• Task brief: The records sit below this line. Repeat all of them exactly.

• Records for the exercise:
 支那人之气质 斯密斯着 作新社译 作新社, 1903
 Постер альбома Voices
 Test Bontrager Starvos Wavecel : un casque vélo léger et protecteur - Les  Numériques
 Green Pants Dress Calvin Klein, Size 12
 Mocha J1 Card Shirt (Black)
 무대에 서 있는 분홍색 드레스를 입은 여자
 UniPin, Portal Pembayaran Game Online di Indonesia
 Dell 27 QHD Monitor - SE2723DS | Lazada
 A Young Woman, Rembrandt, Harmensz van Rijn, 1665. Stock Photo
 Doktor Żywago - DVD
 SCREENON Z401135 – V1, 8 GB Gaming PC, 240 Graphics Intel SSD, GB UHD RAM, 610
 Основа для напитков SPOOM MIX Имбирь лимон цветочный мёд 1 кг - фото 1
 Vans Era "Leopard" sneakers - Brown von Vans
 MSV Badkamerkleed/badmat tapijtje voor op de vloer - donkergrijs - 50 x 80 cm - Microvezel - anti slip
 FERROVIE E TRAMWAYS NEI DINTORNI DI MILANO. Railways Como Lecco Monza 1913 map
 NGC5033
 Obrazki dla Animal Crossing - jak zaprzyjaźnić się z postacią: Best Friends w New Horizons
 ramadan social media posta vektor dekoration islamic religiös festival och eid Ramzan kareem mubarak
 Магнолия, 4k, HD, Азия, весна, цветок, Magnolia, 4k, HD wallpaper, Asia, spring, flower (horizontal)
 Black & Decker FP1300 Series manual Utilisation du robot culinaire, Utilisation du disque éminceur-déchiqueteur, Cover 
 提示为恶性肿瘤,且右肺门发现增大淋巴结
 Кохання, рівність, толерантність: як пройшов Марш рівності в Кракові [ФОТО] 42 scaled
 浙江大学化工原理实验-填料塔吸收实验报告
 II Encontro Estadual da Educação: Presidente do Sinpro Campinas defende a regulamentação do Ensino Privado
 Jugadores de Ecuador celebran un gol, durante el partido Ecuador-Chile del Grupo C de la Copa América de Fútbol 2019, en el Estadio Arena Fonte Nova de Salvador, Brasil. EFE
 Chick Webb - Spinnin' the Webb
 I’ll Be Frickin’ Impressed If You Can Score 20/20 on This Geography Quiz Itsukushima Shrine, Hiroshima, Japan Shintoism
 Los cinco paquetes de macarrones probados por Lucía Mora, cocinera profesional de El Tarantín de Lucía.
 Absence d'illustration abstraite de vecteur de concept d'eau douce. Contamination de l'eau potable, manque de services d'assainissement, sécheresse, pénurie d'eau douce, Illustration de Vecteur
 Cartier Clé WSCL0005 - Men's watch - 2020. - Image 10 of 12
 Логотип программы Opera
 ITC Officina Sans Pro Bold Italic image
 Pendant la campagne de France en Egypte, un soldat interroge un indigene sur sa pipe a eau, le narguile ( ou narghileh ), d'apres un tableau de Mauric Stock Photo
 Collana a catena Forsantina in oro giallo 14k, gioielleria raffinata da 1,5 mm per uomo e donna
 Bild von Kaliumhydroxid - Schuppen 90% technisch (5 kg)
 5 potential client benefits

• Result below:
 支那人之气质 斯密斯着 作新社译 作新社, 1903
 Постер альбома Voices
 Test Bontrager Starvos Wavecel : un casque vélo léger et protecteur - Les  Numériques
 Green Pants Dress Calvin Klein, Size 12
 Mocha J1 Card Shirt (Black)
 무대에 서 있는 분홍색 드레스를 입은 여자
 UniPin, Portal Pembayaran Game Online di Indonesia
 Dell 27 QHD Monitor - SE2723DS | Lazada
 A Young Woman, Rembrandt, Harmensz van Rijn, 1665. Stock Photo
 Doktor Żywago - DVD
 SCREENON Z401135 – V1, 8 GB Gaming PC, 240 Graphics Intel SSD, GB UHD RAM, 610
 Основа для напитков SPOOM MIX Имбирь лимон цветочный мёд 1 кг - фото 1
 Vans Era "Leopard" sneakers - Brown von Vans
 MSV Badkamerkleed/badmat tapijtje voor op de vloer - donkergrijs - 50 x 80 cm - Microvezel - anti slip
 FERROVIE E TRAMWAYS NEI DINTORNI DI MILANO. Railways Como Lecco Monza 1913 map
 NGC5033
 Obrazki dla Animal Crossing - jak zaprzyjaźnić się z postacią: Best Friends w New Horizons
 ramadan social media posta vektor dekoration islamic religiös festival och eid Ramzan kareem mubarak
 Магнолия, 4k, HD, Азия, весна, цветок, Magnolia, 4k, HD wallpaper, Asia, spring, flower (horizontal)
 Black & Decker FP1300 Series manual Utilisation du robot culinaire, Utilisation du disque éminceur-déchiqueteur, Cover 
 提示为恶性肿瘤,且右肺门发现增大淋巴结
 Кохання, рівність, толерантність: як пройшов Марш рівності в Кракові [ФОТО] 42 scaled
 浙江大学化工原理实验-填料塔吸收实验报告
 II Encontro Estadual da Educação: Presidente do Sinpro Campinas defende a regulamentação do Ensino Privado
 Jugadores de Ecuador celebran un gol, durante el partido Ecuador-Chile del Grupo C de la Copa América de Fútbol 2019, en el Estadio Arena Fonte Nova de Salvador, Brasil. EFE
 Chick Webb - Spinnin' the Webb
 I’ll Be Frickin’ Impressed If You Can Score 20/20 on This Geography Quiz Itsukushima Shrine, Hiroshima, Japan Shintoism
 Los cinco paquetes de macarrones probados por Lucía Mora, cocinera profesional de El Tarantín de Lucía.
 Absence d'illustration abstraite de vecteur de concept d'eau douce. Contamination de l'eau potable, manque de services d'assainissement, sécheresse, pénurie d'eau douce, Illustration de Vecteur
 Cartier Clé WSCL0005 - Men's watch - 2020. - Image 10 of 12
 Логотип программы Opera
 ITC Officina Sans Pro Bold Italic image
 Pendant la campagne de France en Egypte, un soldat interroge un indigene sur sa pipe a eau, le narguile ( ou narghileh ), d'apres un tableau de Mauric Stock Photo
 Collana a catena Forsantina in oro giallo 14k, gioielleria raffinata da 1,5 mm per uomo e donna
 Bild von Kaliumhydroxid - Schuppen 90% technisch (5 kg)
 5 potential client benefits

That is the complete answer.